1) Given an array of integers (negative and positive) - what is the most efficient algorithm to return the max consecutive sum.
a) I thought to solve this with Dynamic Programing, but complexity is O(n^2). Is there another way?
b) What if we were given a infinite input of integers. Is there a way to output the current max consecutive sum? I guess not.
2) Given: an array of segments[start,end] (can elapse) ordered ascending by start point,
and a point.
What is the most efficient algorithm to return a segment that contains this point?/all segments that contain this point?
I thought to use binarySearch to hit the first segment that starts before this point the than trying to traverse right and left.
Any other idea ?
For 1) There is an algorithm that's working in O(n)

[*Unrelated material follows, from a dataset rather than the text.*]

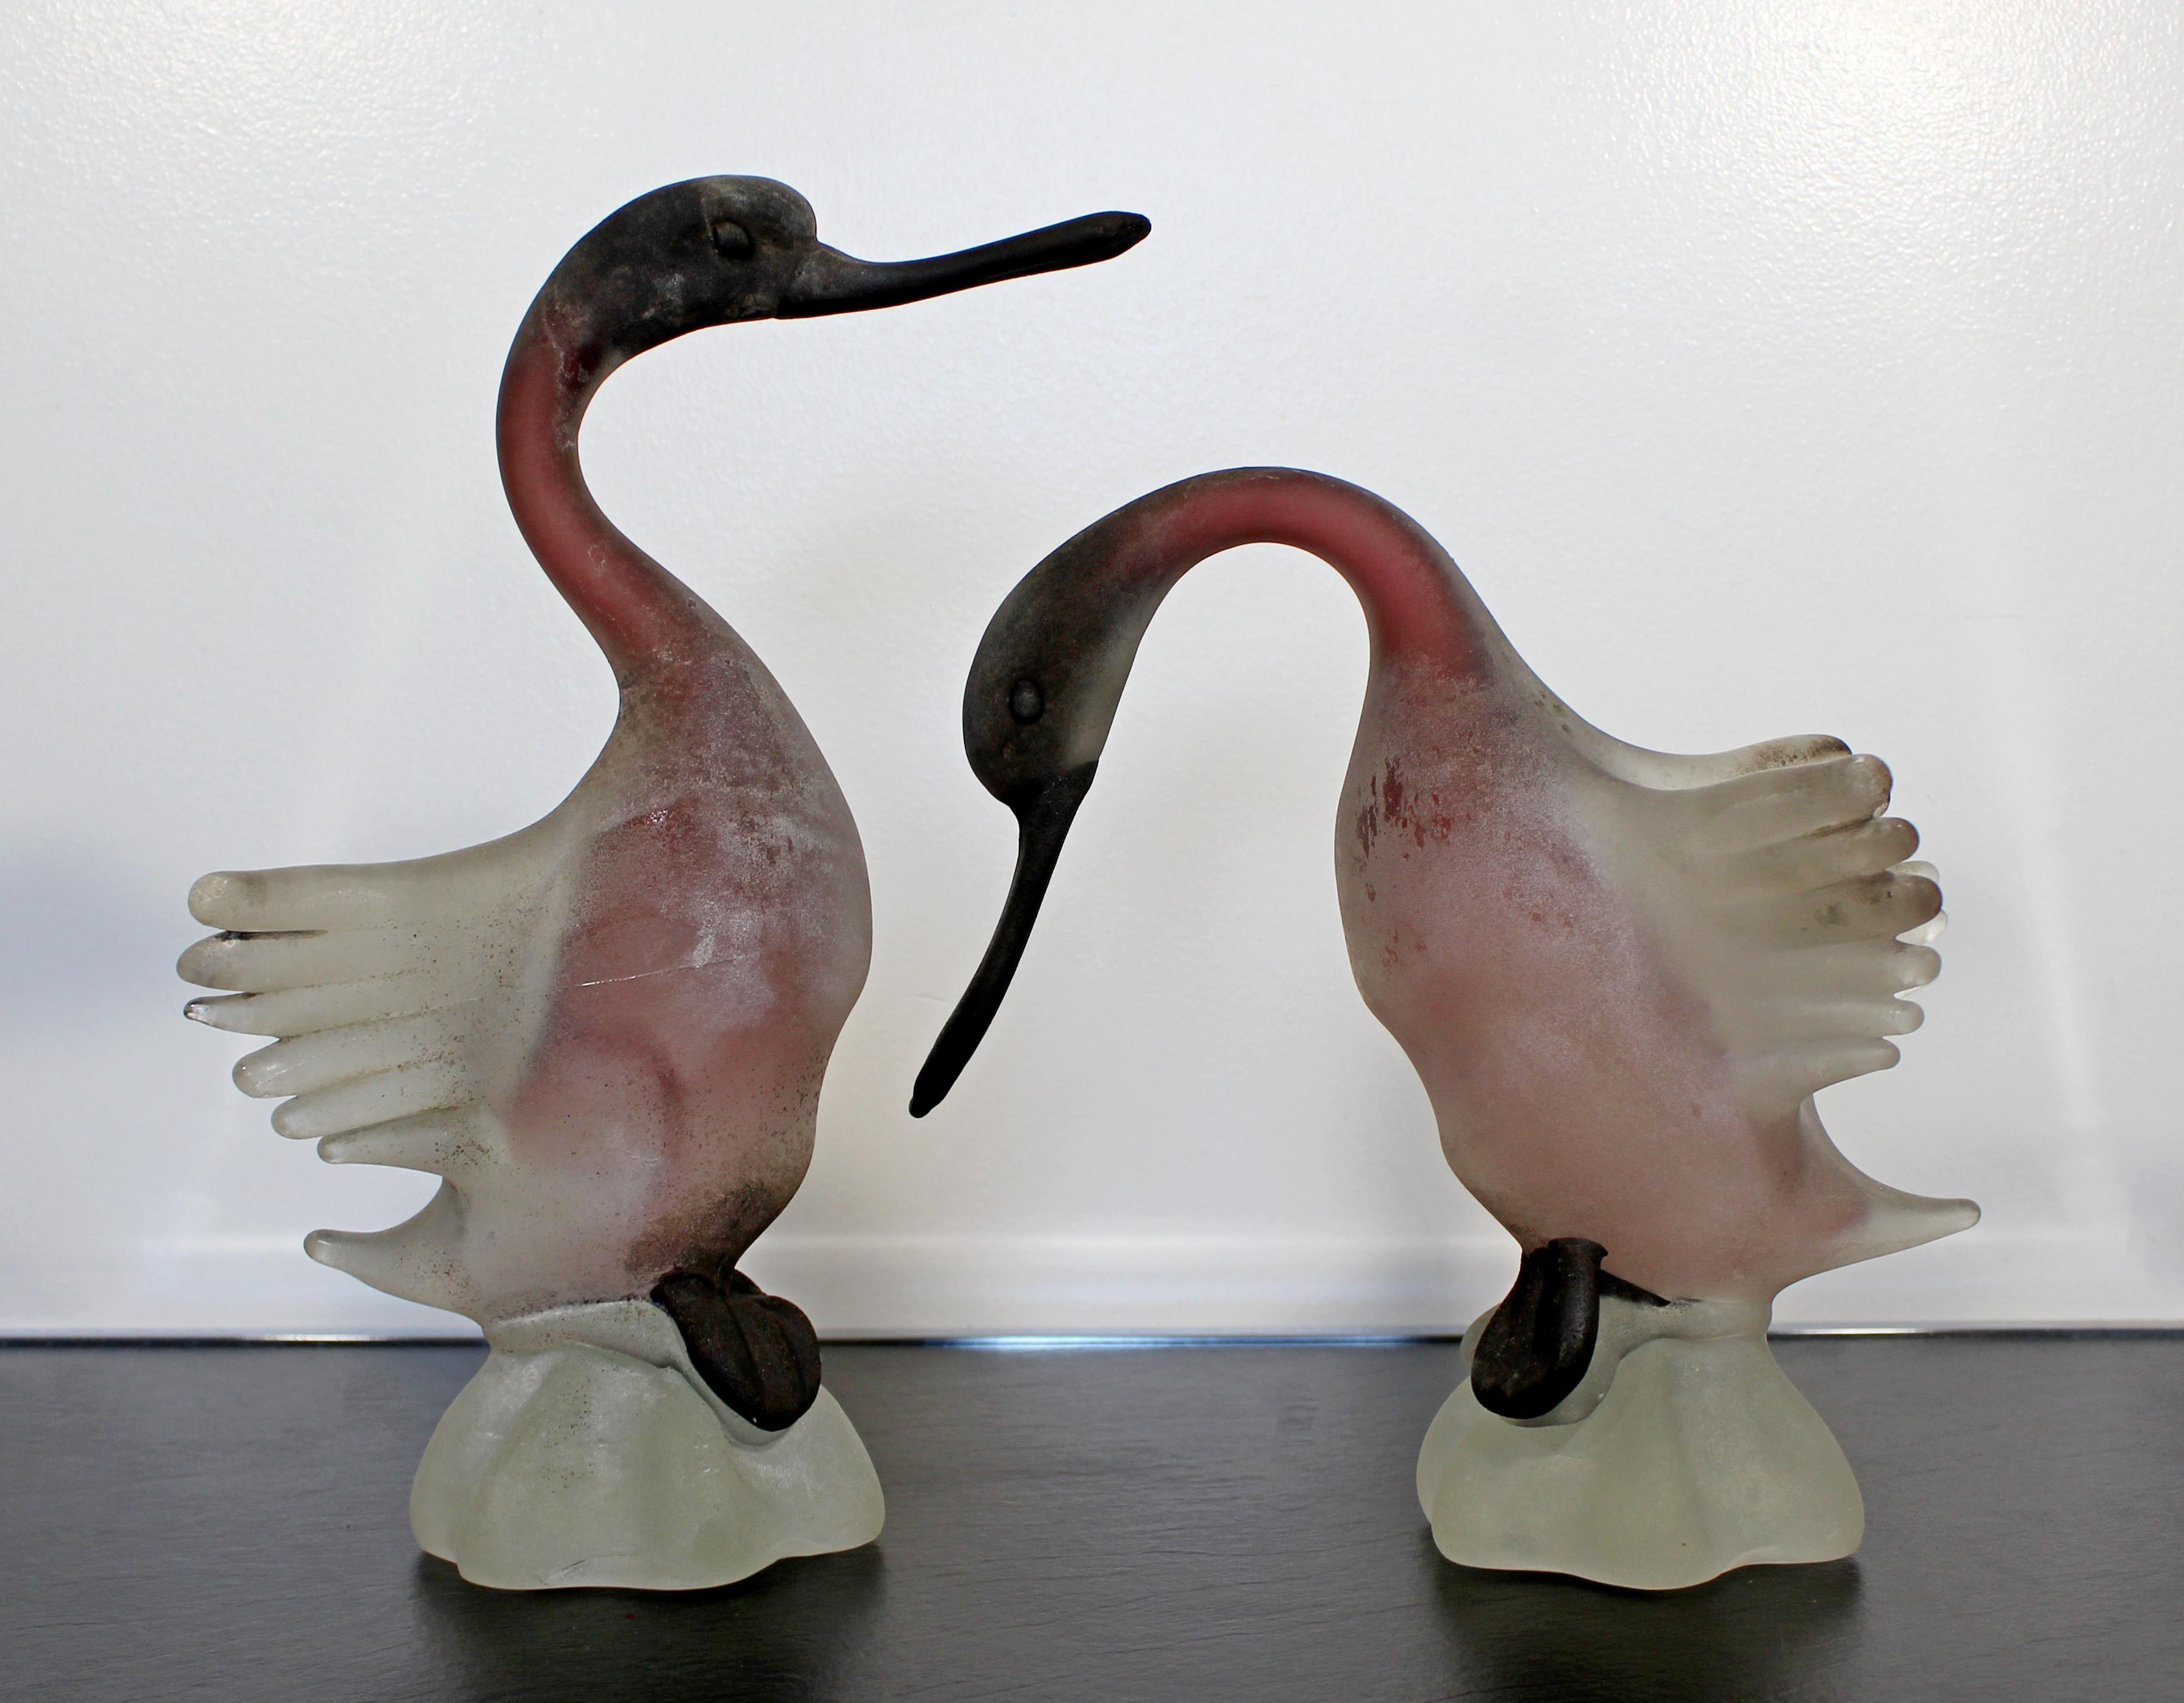 Italian Mid-Century Modern Cenedese Pair of Frosted Glass Geese Table Sculptures Murano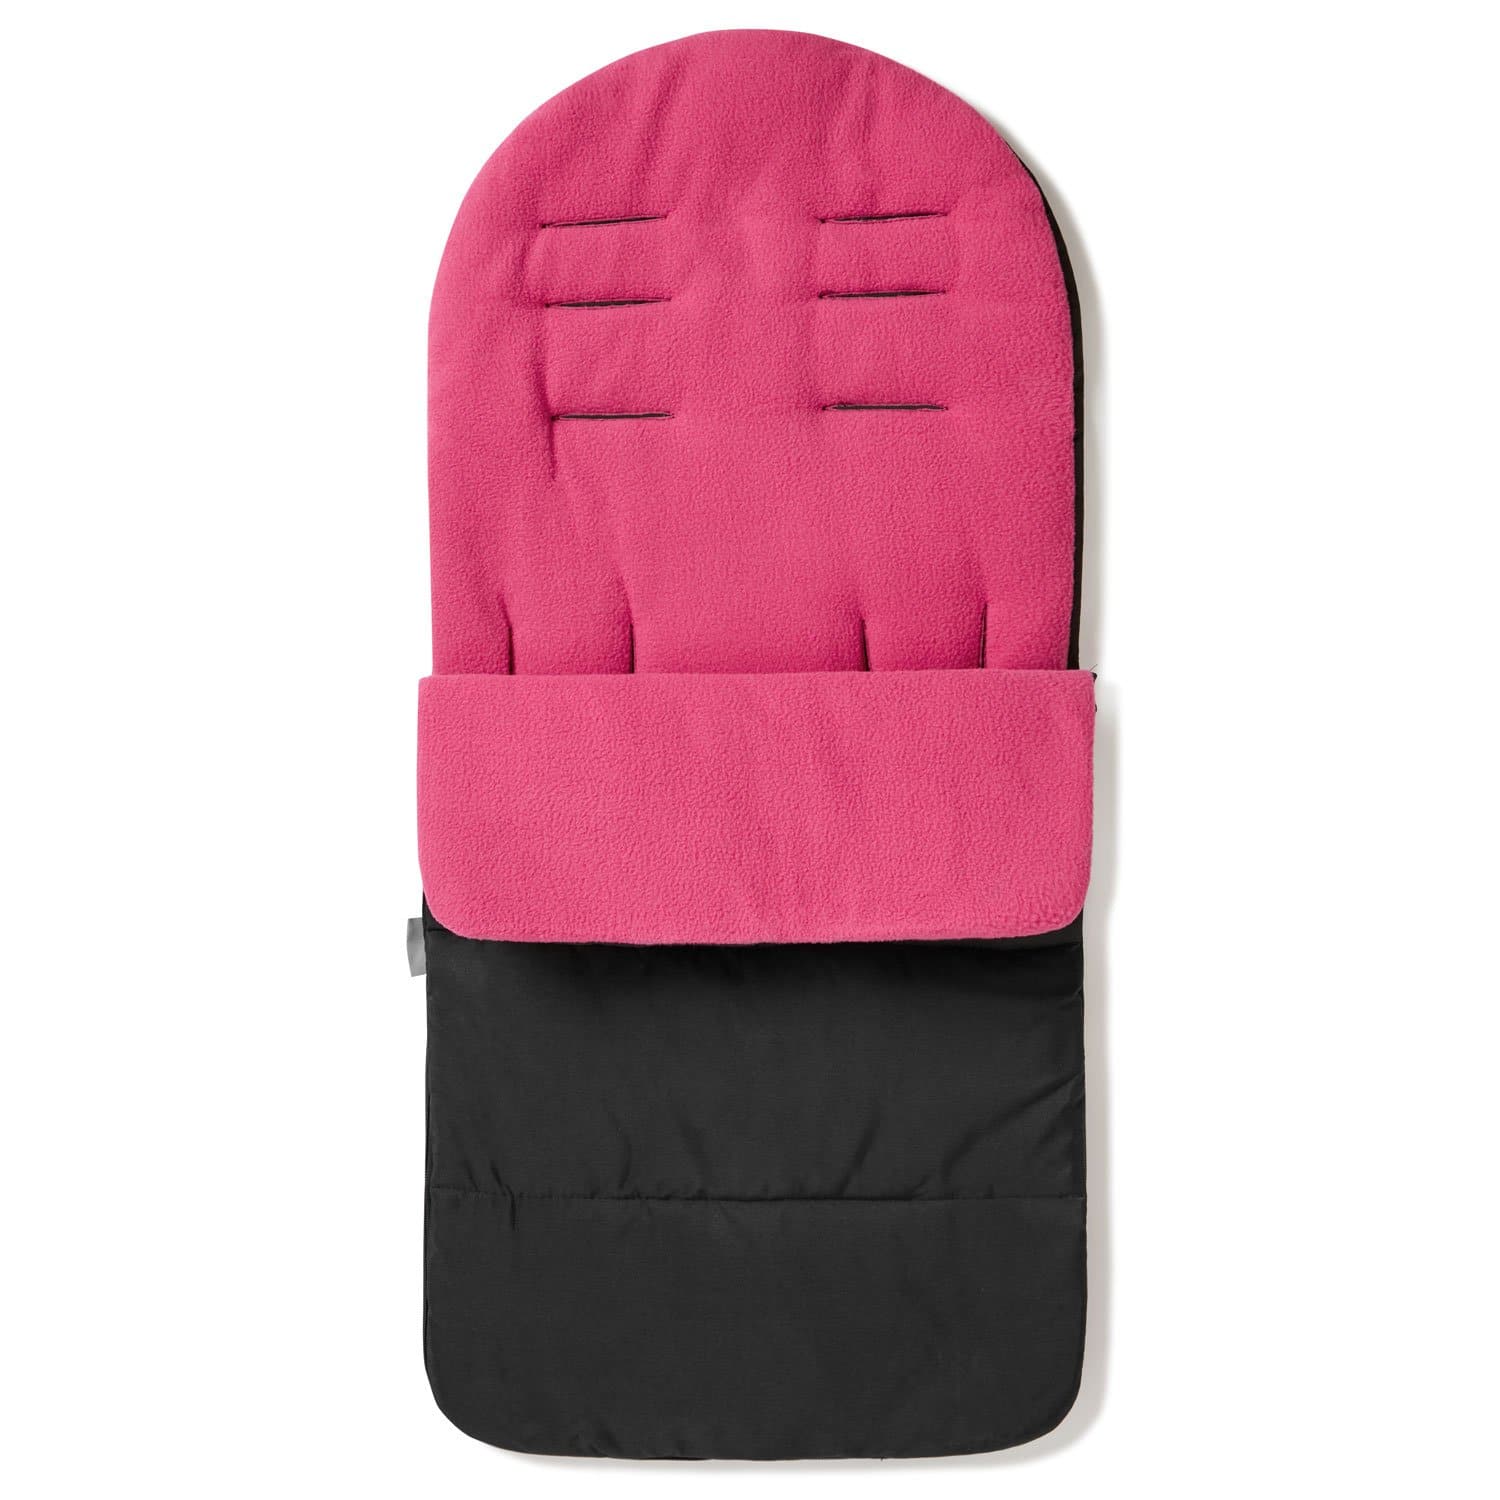 Premium Footmuff / Cosy Toes Compatible with Urban Detour - Pink Rose / Fits All Models | For Your Little One

For 2) I think your approach is not bad (as long as you can't assume ordering w.r.t. ending points)
1) As long as the sum doesn't drop below zero, it's always better to continue with the consecutive summation. So you just pass through the array once (i.e. you have a linear runtime algorithm) from left to right and remember the current consecutive summation and the maximum consecutive summation so far, updating it whenever the current sum gets bigger then the max sum.
So at any point at of the array traversal, you can say what the max sum so far is. Hence you can use this algorithm for an (infinite) input stream, too.
2) Yes, binary search sounds good. But if I understand the question correctly, you can start with the right-most segment (that starts closest to the point) and then just traverse the segments to the left. Of course, the worst case runtime is still linear in the number of segments, but the average should be logarithmic.